DATA BLOCK:
◇ ◇ ◇ ◇ ◇

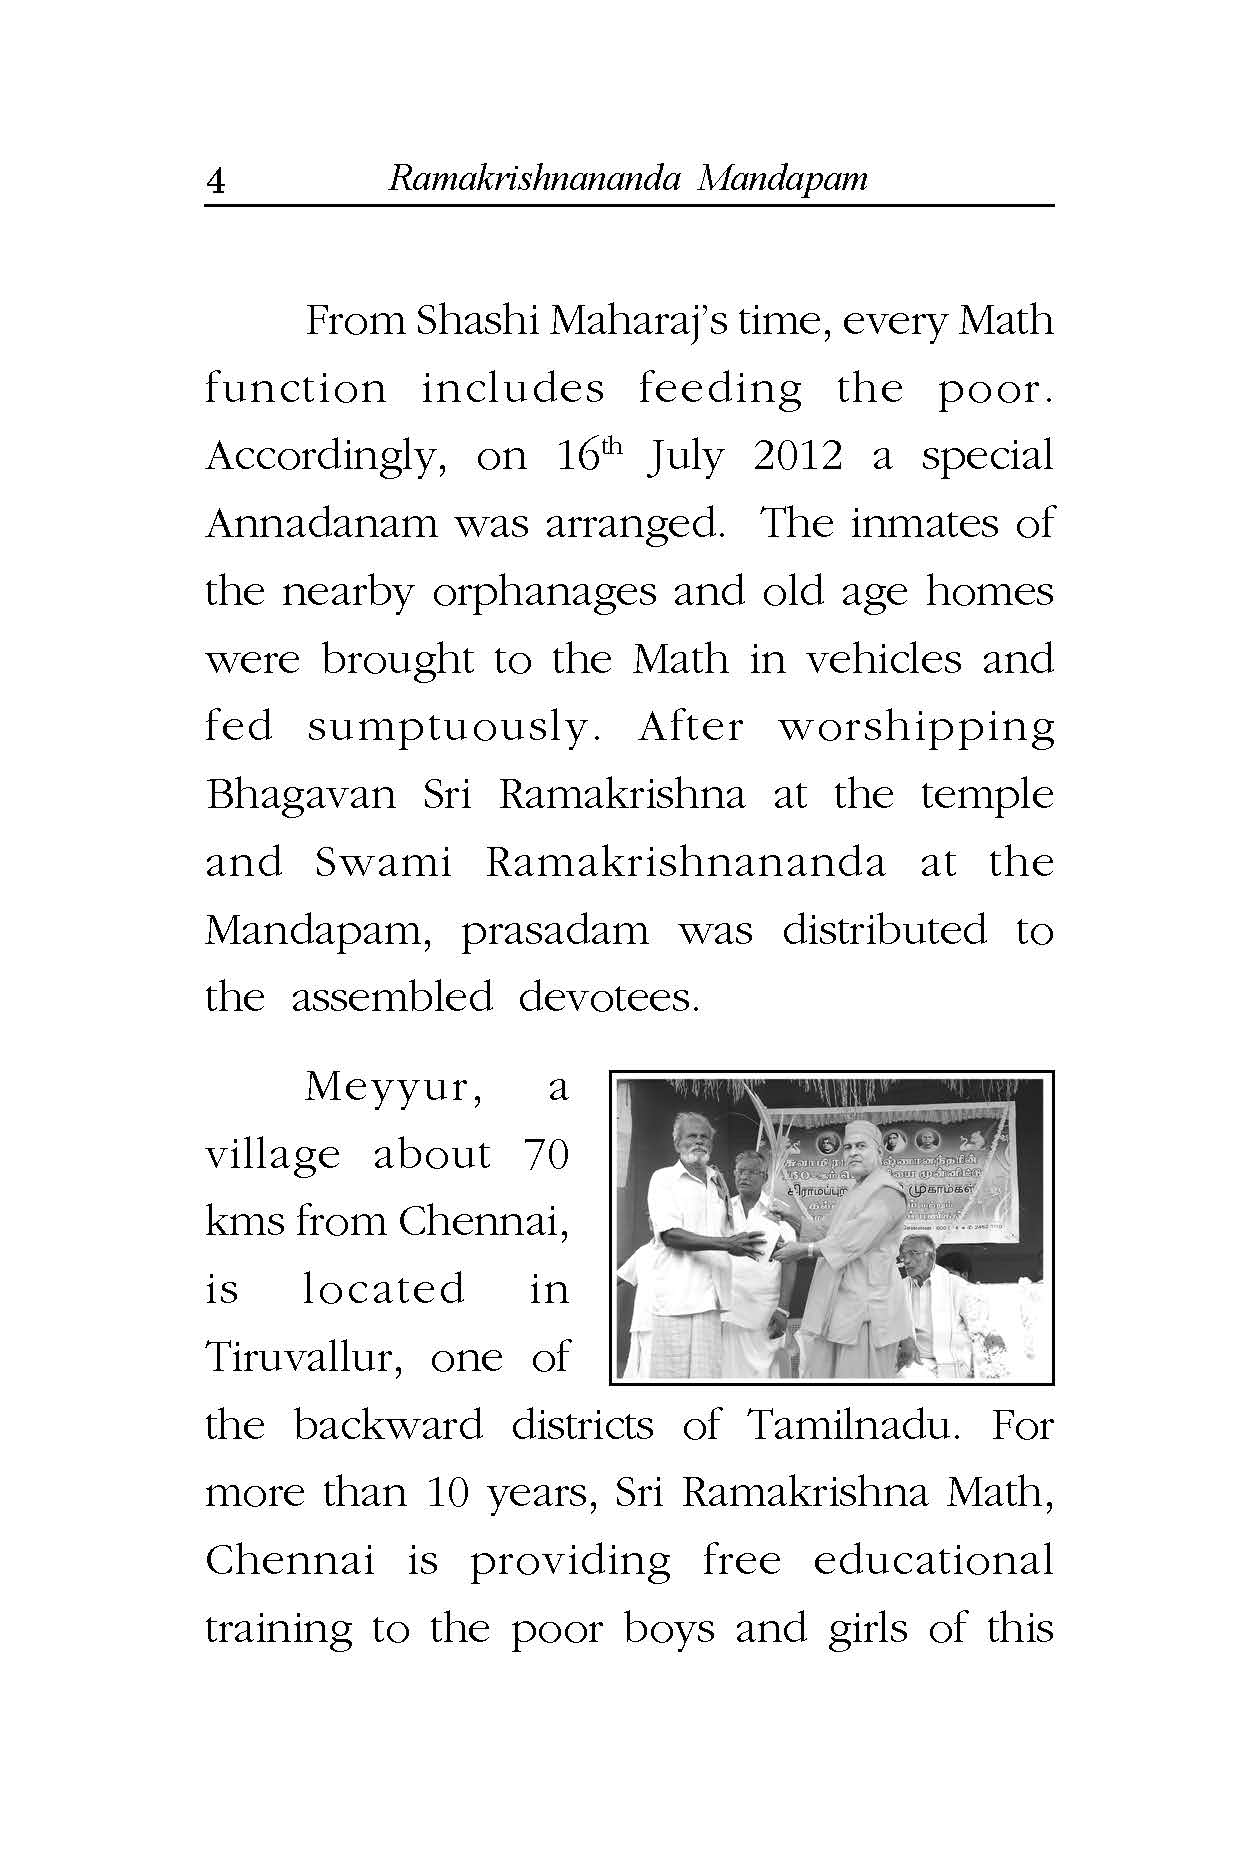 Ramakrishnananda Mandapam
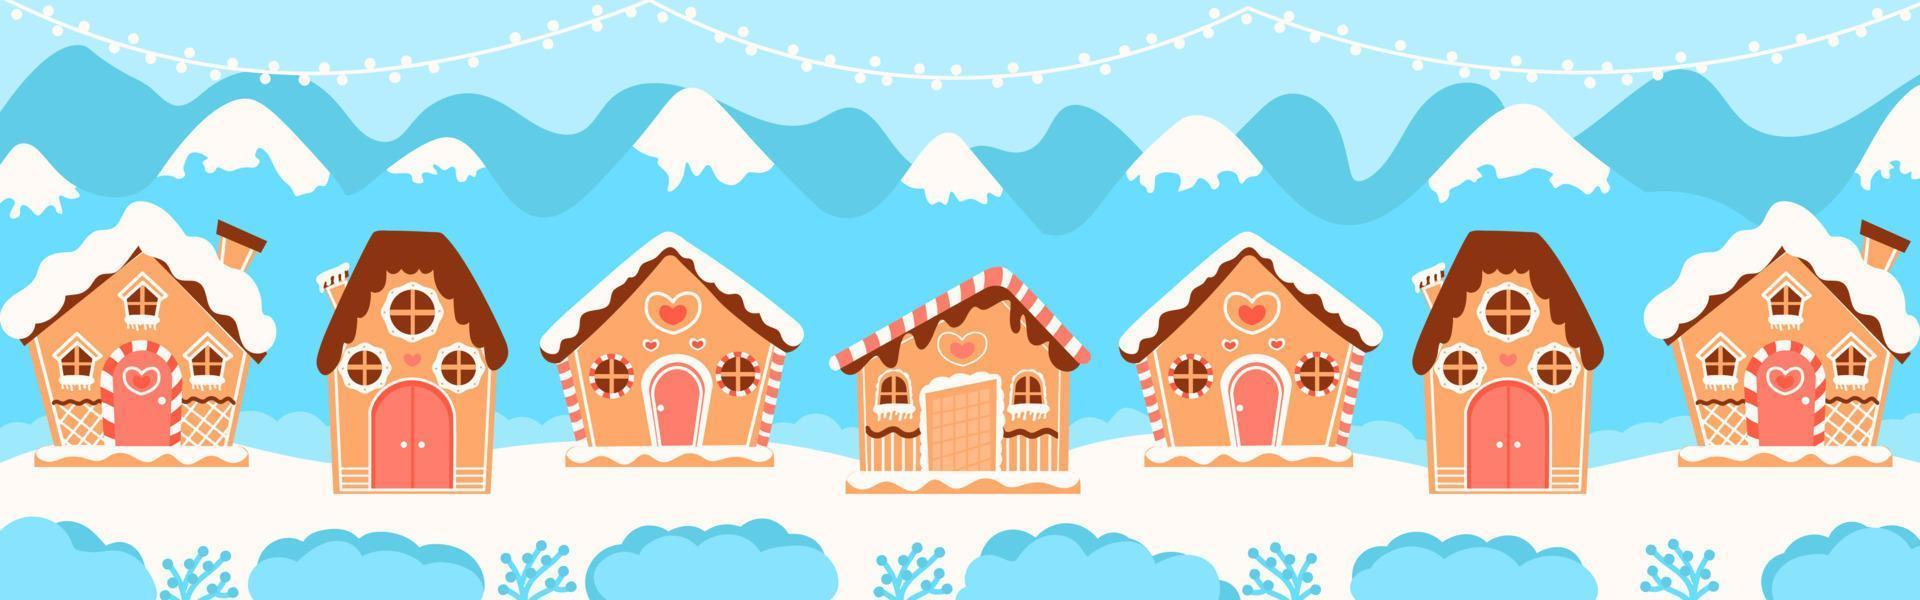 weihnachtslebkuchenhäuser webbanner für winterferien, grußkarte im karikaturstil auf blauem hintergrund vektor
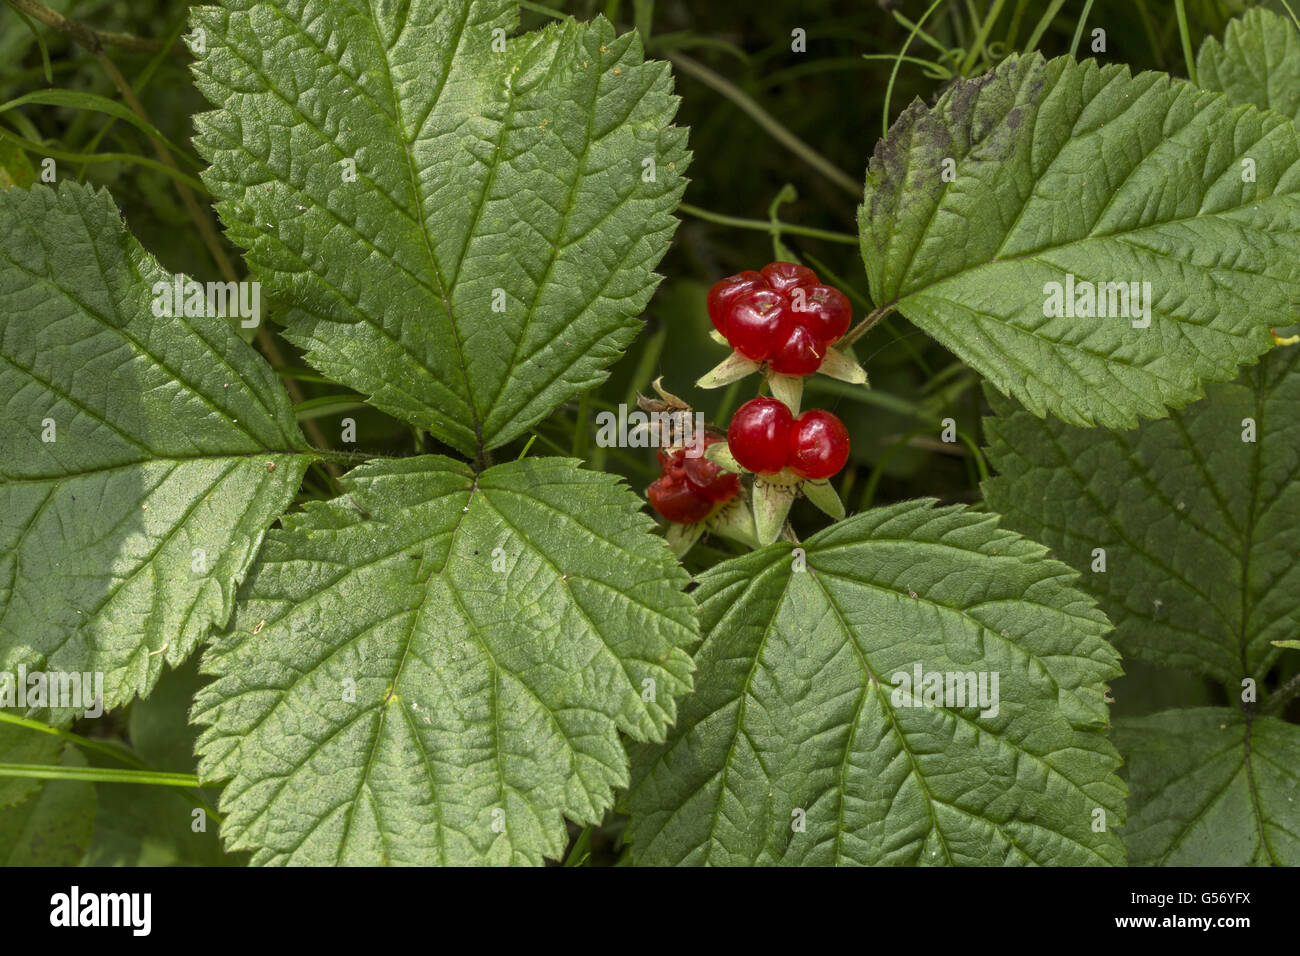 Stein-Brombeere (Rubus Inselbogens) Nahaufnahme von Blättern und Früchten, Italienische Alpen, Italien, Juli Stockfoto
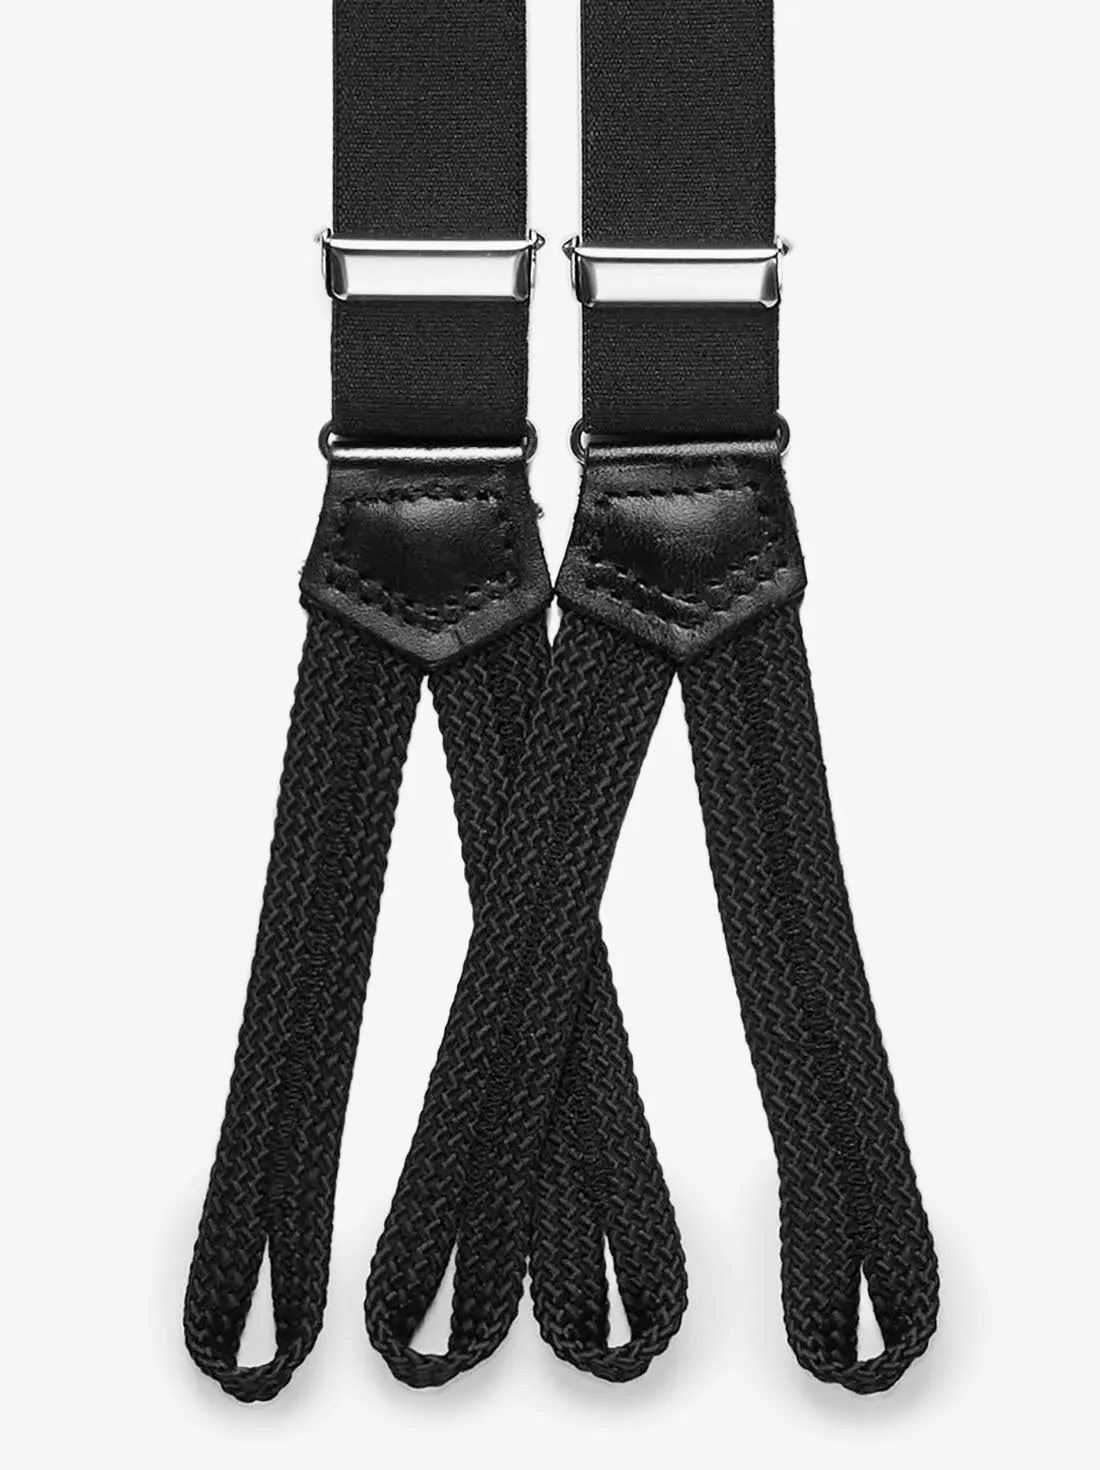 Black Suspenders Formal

◇ ◇ ◇ ◇ ◇

GOAL OF THE EXERCISE: Strip out the pictures and quote the remaining data word for word.

REPLY TO THE TASK:
 Ramakrishnananda Mandapam
 weihnachtslebkuchenhäuser webbanner für winterferien, grußkarte im karikaturstil auf blauem hintergrund vektor
 Stein-Brombeere (Rubus Inselbogens) Nahaufnahme von Blättern und Früchten, Italienische Alpen, Italien, Juli Stockfoto
 Black Suspenders Formal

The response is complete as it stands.